RECORDS TO USE section start

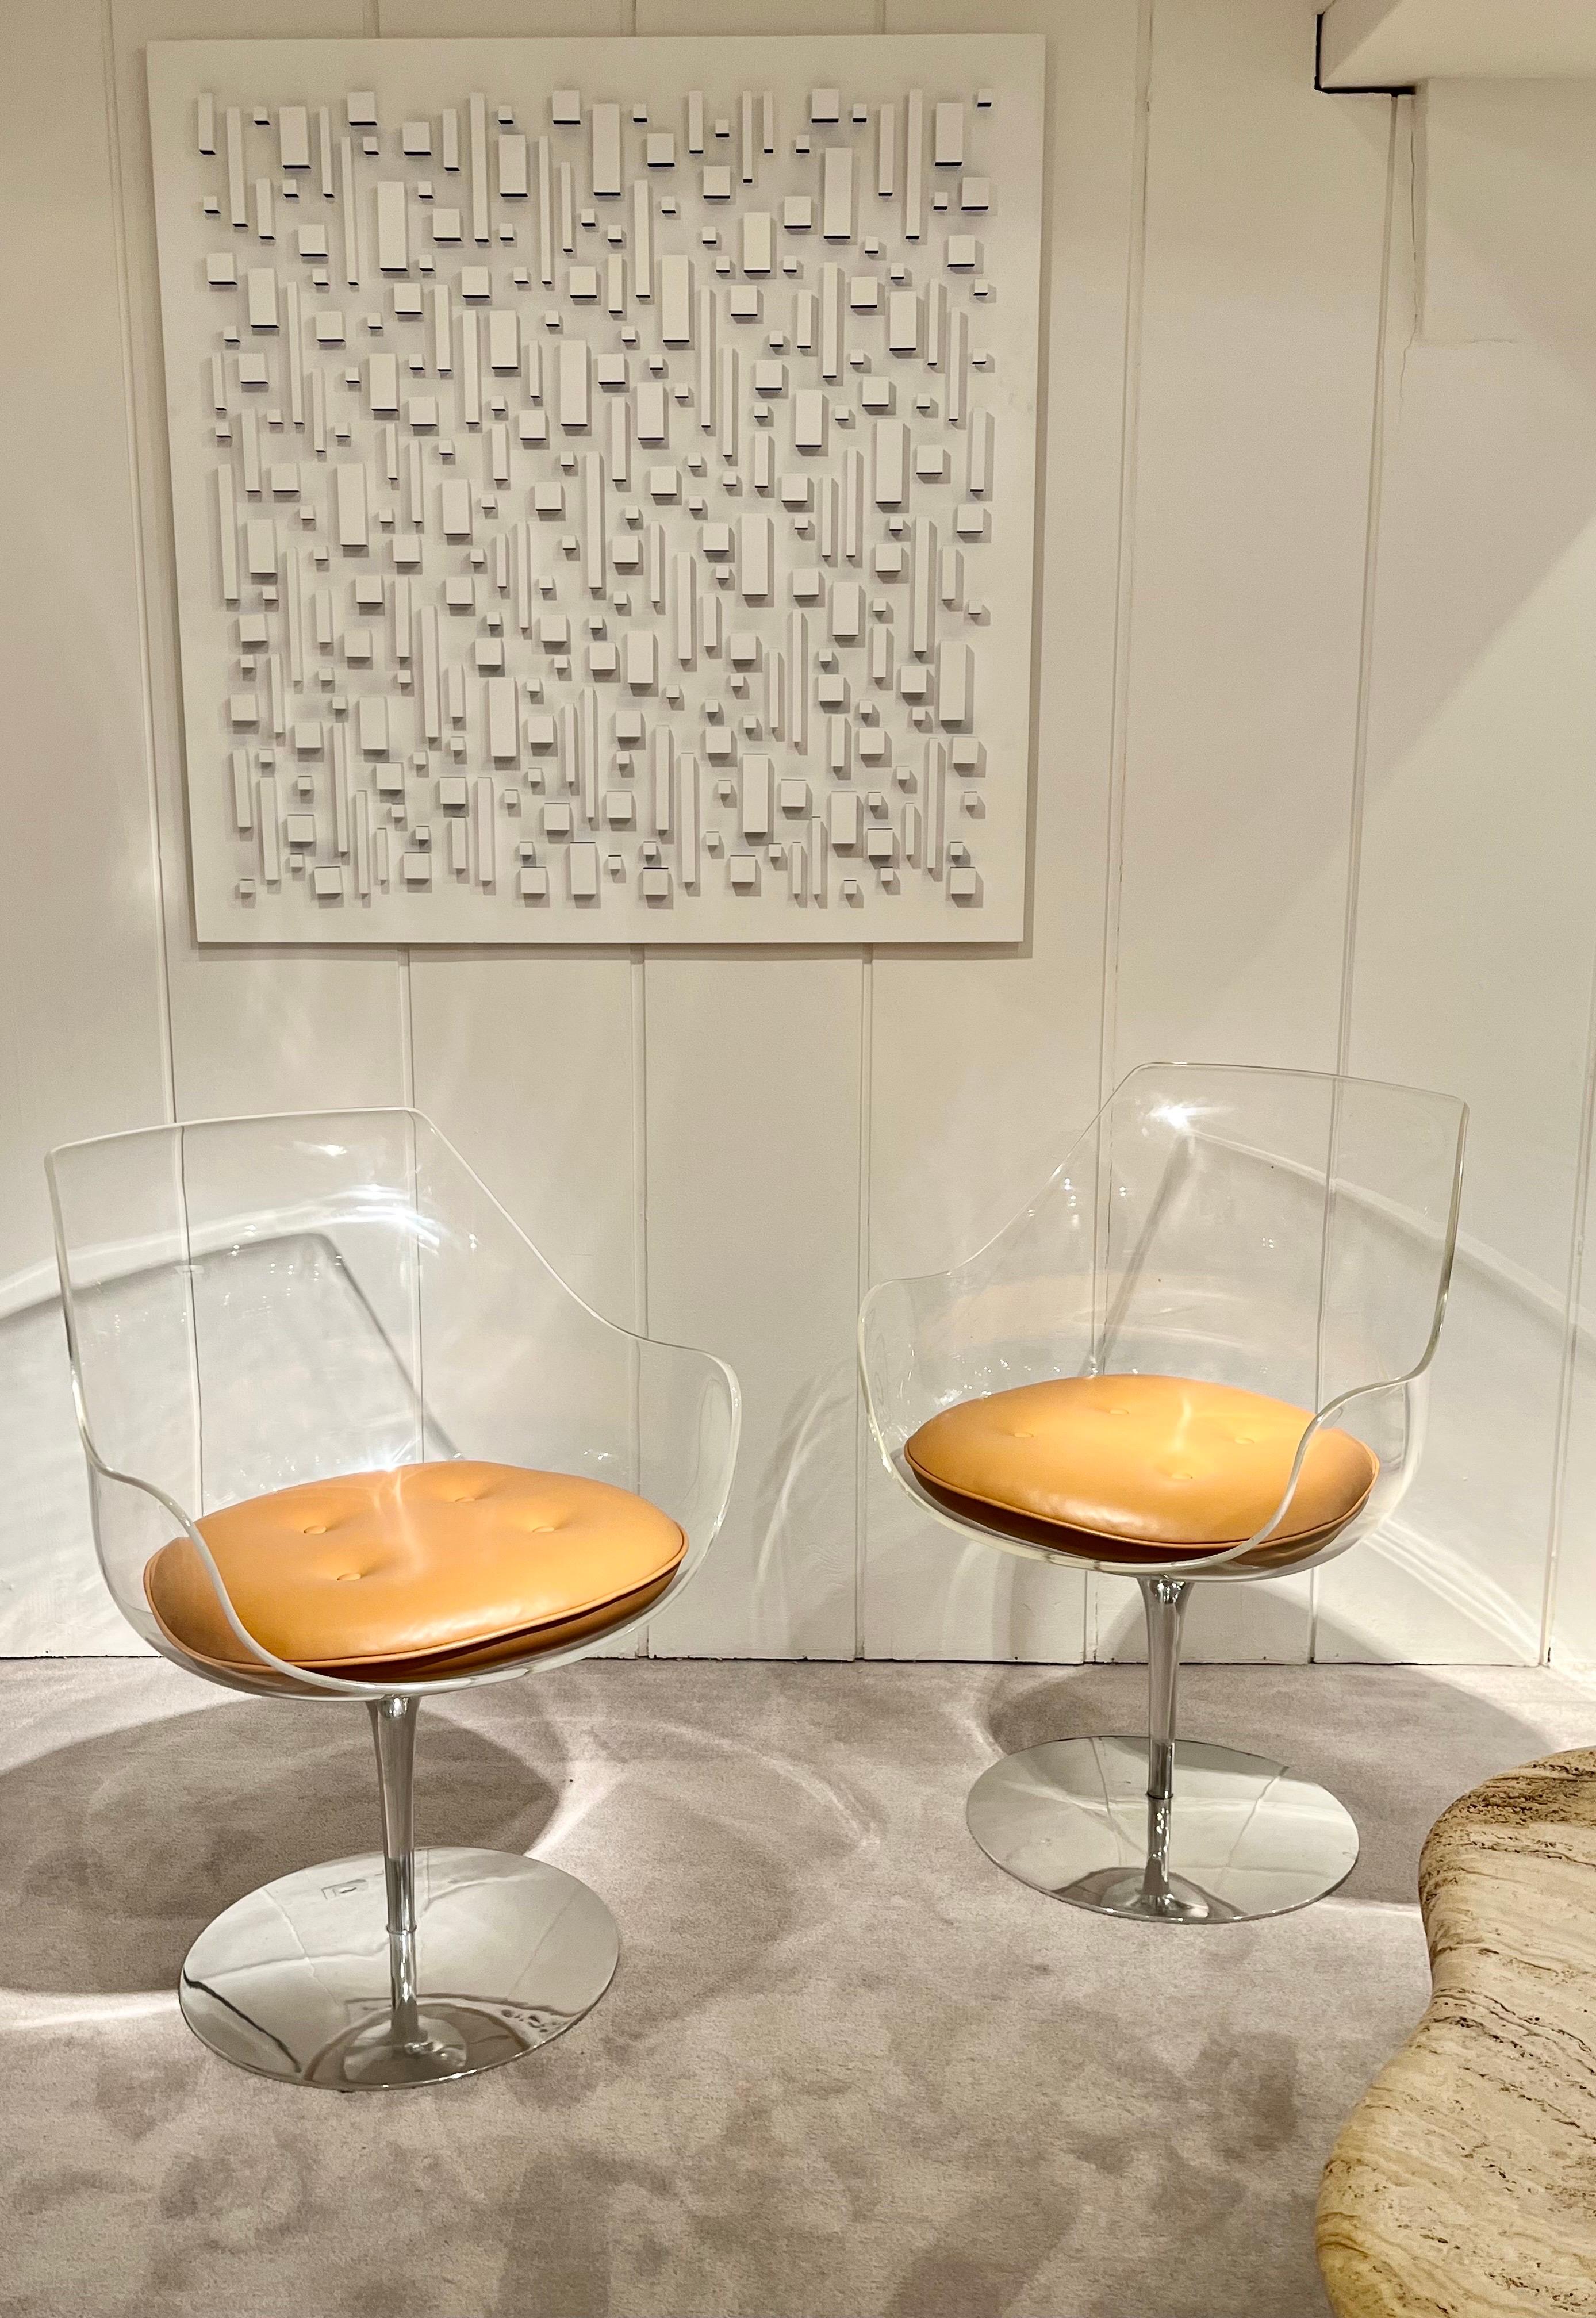 Pair of Lucite chairs By Erwine & Estelle Laverne,
Edited By Formes Nouvelles
Lucite and polished aluminum Champagne swivel chair. 
New havana leather cushions. 
 Signed and stamped on bottom: Laverne.

RECORDS TO USE section end

WHAT THE EXERCISE ASKS: An exact copy of the records above is needed, with the pictures removed.

RESPONSE TO THIS TASK:
 Pair of Lucite chairs By Erwine & Estelle Laverne,
Edited By Formes Nouvelles
Lucite and polished aluminum Champagne swivel chair. 
New havana leather cushions. 
 Signed and stamped on bottom: Laverne.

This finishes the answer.